Output all records exactly.

Start of Exercise material

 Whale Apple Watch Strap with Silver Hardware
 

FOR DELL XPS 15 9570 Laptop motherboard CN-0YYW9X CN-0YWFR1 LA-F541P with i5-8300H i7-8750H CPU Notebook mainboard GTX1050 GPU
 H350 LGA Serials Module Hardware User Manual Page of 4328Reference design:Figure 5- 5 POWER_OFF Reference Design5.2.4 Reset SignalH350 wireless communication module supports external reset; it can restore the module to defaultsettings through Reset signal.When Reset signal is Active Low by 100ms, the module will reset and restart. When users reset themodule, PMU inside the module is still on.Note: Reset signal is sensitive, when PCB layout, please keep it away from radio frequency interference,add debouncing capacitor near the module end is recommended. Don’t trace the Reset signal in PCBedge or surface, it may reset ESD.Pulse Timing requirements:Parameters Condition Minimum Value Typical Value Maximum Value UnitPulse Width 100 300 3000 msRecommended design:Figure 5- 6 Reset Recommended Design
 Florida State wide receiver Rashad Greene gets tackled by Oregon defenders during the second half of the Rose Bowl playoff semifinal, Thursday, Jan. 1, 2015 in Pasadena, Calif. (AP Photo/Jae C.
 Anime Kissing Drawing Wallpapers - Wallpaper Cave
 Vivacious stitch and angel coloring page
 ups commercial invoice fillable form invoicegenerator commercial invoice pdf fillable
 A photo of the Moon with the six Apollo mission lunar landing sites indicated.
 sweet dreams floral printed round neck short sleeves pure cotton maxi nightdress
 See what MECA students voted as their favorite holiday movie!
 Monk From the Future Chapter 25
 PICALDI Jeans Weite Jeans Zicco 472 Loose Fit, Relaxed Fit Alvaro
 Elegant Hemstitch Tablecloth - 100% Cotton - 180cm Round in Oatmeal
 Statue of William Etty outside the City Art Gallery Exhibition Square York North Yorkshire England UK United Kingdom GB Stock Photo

End of Exercise material

__Exercise response__.
 Whale Apple Watch Strap with Silver Hardware
 

FOR DELL XPS 15 9570 Laptop motherboard CN-0YYW9X CN-0YWFR1 LA-F541P with i5-8300H i7-8750H CPU Notebook mainboard GTX1050 GPU
 H350 LGA Serials Module Hardware User Manual Page of 4328Reference design:Figure 5- 5 POWER_OFF Reference Design5.2.4 Reset SignalH350 wireless communication module supports external reset; it can restore the module to defaultsettings through Reset signal.When Reset signal is Active Low by 100ms, the module will reset and restart. When users reset themodule, PMU inside the module is still on.Note: Reset signal is sensitive, when PCB layout, please keep it away from radio frequency interference,add debouncing capacitor near the module end is recommended. Don’t trace the Reset signal in PCBedge or surface, it may reset ESD.Pulse Timing requirements:Parameters Condition Minimum Value Typical Value Maximum Value UnitPulse Width 100 300 3000 msRecommended design:Figure 5- 6 Reset Recommended Design
 Florida State wide receiver Rashad Greene gets tackled by Oregon defenders during the second half of the Rose Bowl playoff semifinal, Thursday, Jan. 1, 2015 in Pasadena, Calif. (AP Photo/Jae C.
 Anime Kissing Drawing Wallpapers - Wallpaper Cave
 Vivacious stitch and angel coloring page
 ups commercial invoice fillable form invoicegenerator commercial invoice pdf fillable
 A photo of the Moon with the six Apollo mission lunar landing sites indicated.
 sweet dreams floral printed round neck short sleeves pure cotton maxi nightdress
 See what MECA students voted as their favorite holiday movie!
 Monk From the Future Chapter 25
 PICALDI Jeans Weite Jeans Zicco 472 Loose Fit, Relaxed Fit Alvaro
 Elegant Hemstitch Tablecloth - 100% Cotton - 180cm Round in Oatmeal
 Statue of William Etty outside the City Art Gallery Exhibition Square York North Yorkshire England UK United Kingdom GB Stock Photo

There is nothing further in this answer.